Звягинцев снял очки и протёр их, затем водрузил обратно.
— Полагаю, вы нам подходите. У меня нет никакого потерянного ретранслятора в Москве — я просто хотел оценить степень вашей суицидальности.
— Моей, простите, чего?
— Тяги к самоубийству, проще говоря. В общем, работа для самоубийцы у нас есть. Для целой команды самоубийц, точнее. Присаживайтесь, молодой человек.
Макс опустился в кресло. Превосходно. Работа есть, и Звягинцев готов платить. Хотя присутствие Ставрицкого — не самый хороший знак.
— Слушаю внимательно, Святослав Иванович.
— Я пока не могу сказать много. Мы отправляем экспедицию, от успеха которой зависит очень многое… точнее, все. Я бы сказал, это переломный момент. В случае неудачи человечество будет влачить своё нынешнее существование и дальше. В случае успеха переселение в более тёплые края станет реальным. Представляете себе значимость события?

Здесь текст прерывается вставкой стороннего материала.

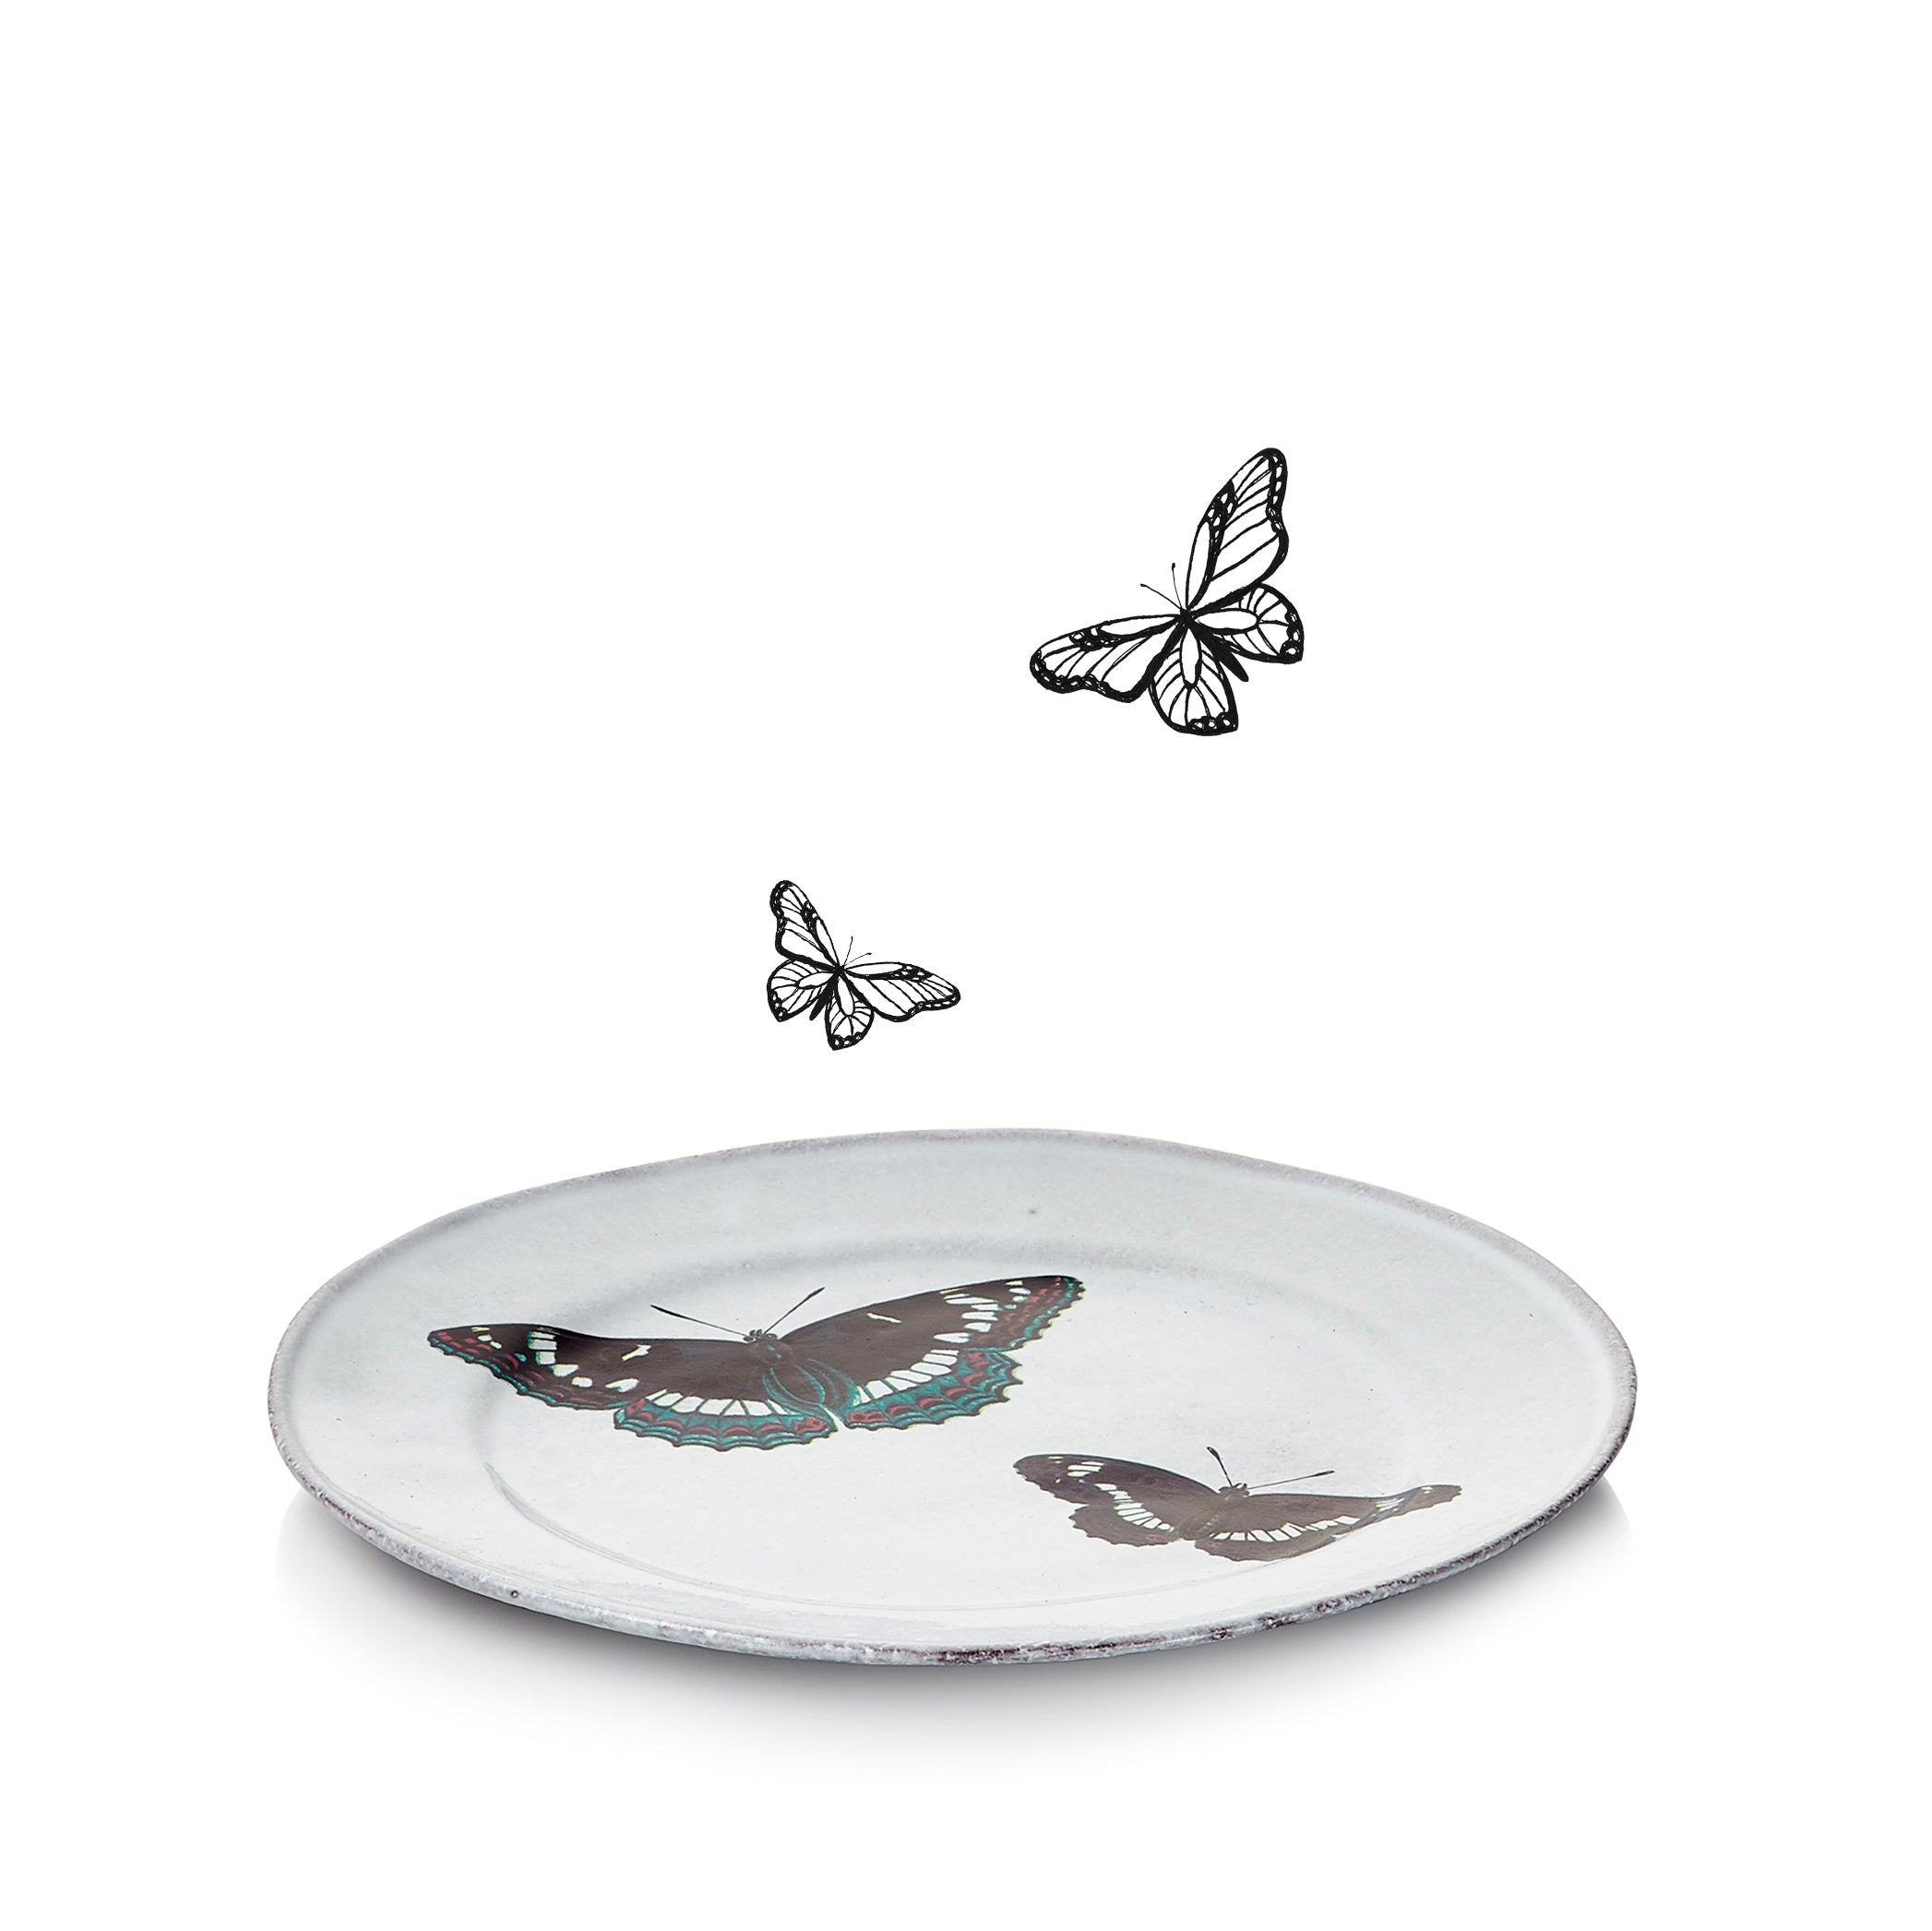 Two Flying Butterflies Plate by Astier de Villatte, 19cm

— Вполне. Ещё я представляю себе, как обрадуются такому переселению алчущие.
Скепсис Макса вызвал на лице старого учёного самодовольную улыбку:
— Вот именно. Цель экспедиции — найти средство борьбы с ними. Мы уже давно готовились к ней, но только сегодня получили точные координаты лаборатории, где это средство было разработано восемьдесят лет назад.
— Документы… Шифровка в прозрачной папке! — осенило Макса, — так вот из-за чего был весь этот сыр-бор…
— А, так вы даже участвовали в операции по возвращению этих данных? Уверяю вас, это было самое великое ваше деяние за всю жизнь… до этого момента. Теперь у вас есть возможность принять участие в ещё более важном деле. Вы будете охранником в экспедиции на юг, в эту заброшенную лабораторию.
— И далеко туда?
— Около тысячи двухсот километров.
— Тысяча двести километров на юг?? — не поверил ушам Макс, — это невозможно. Туда надо батальон посылать, и тогда кто-то, может быть, дойдёт. В любом случае, мне не подходит — в моём распоряжении один месяц и двадцать четыре дня.
— Ну так я и не говорил идти туда. Вы поедете, и не на однорогах, а на бронированном транспортном средстве…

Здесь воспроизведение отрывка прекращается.